How do you use the half-equation to represent oxidation-reduction reactions?

1 Answer
Mar 22, 2016

The half equation method features the loss or or gain of electrons as ACTUAL particles in order to balance redox equations.

Explanation:

Let's represent the oxidation of aluminum to give alumina, #Al_2O_3#.

This ionic species features #Al^(3+)# and #O^(2-)# ions. Since the charge on the elemental ion is the oxidation state, we can speak of #Al(III^+)# and #O(-II)#.

#"Oxidation (electron loss from zerovalent aluminum):"#

#Al^(0) rarr Al^(3+) + 3e^-# #(i)#

#"Reduction (electron gain to zerovalent oxygen):"#

#O_2^(0) +4e^(-) rarr 2O^(2-)# #(ii)#

In each redox equation, charge and mass is conserved, as it must be.

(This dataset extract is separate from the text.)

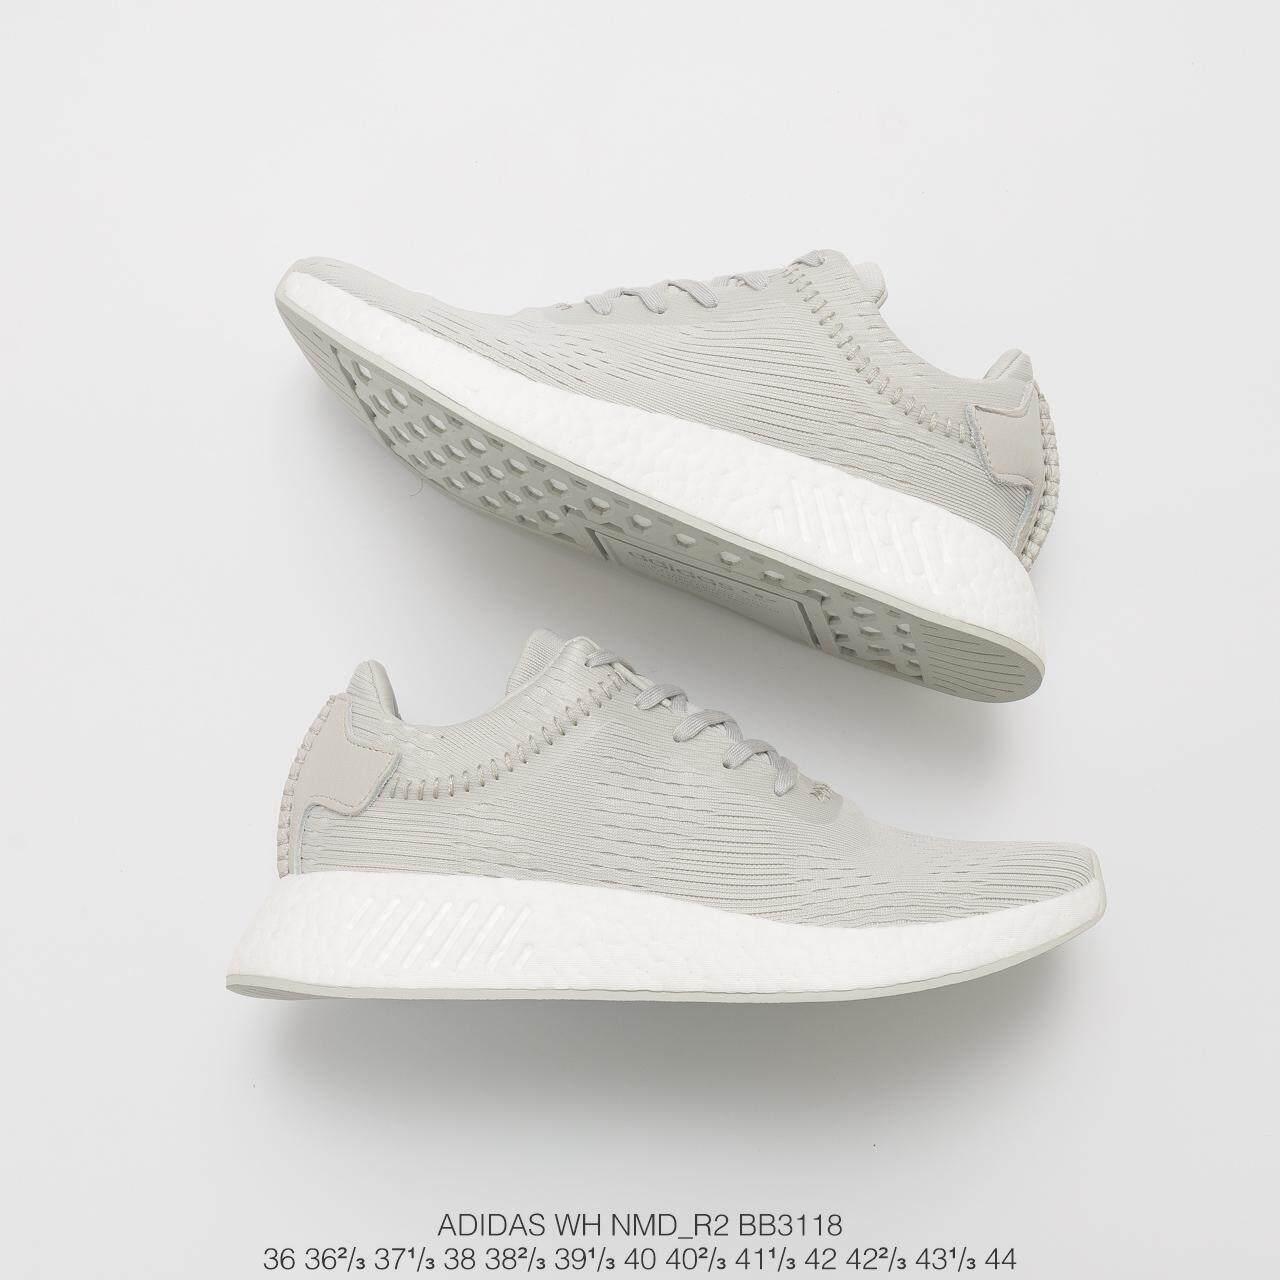 huge discount 75258 cccb7 Sale ADIDA NMD  R2 Wings + Horns BB3118 Primeknit PK Women and Mens Sneaker  Light Grey

In the final equation, we wish to eliminate electrons, because these are hypothetical particles: so we cross-multiply, #2xx(i)+3xx(ii)=#

#2Al+3O_2 rarr 2Al_2O_3#

Now this was simply a combustion reaction, which is intuitively easy to solve. Try the oxidation of elemental sulfur to #S(VI)#, as in #SO_4^(2-)#. Sulfur loses 6 electrons.

#S rarr SO_4^(2-) + 6e^-#

Balance the oxygens (using water)

#S + 4H_2O rarr SO_4^(2-) + 6e^-#

Now balance the hydrogens:

#S + 4H_2O rarr SO_4^(2-) + 8H^+ + 6e^-#

Again, both mass and CHARGE are balanced, as required. We need a corresponding reduction reaction to ACCEPT the electrons.

Another reaction, oxidation of ammonia to nitric oxide:

#N^(-III)H_3 + 2H_2O rarr N^(+IV)O_2 + 7H^(+) +7e^-#

Is this reaction balanced with respect to mass and charge? Why?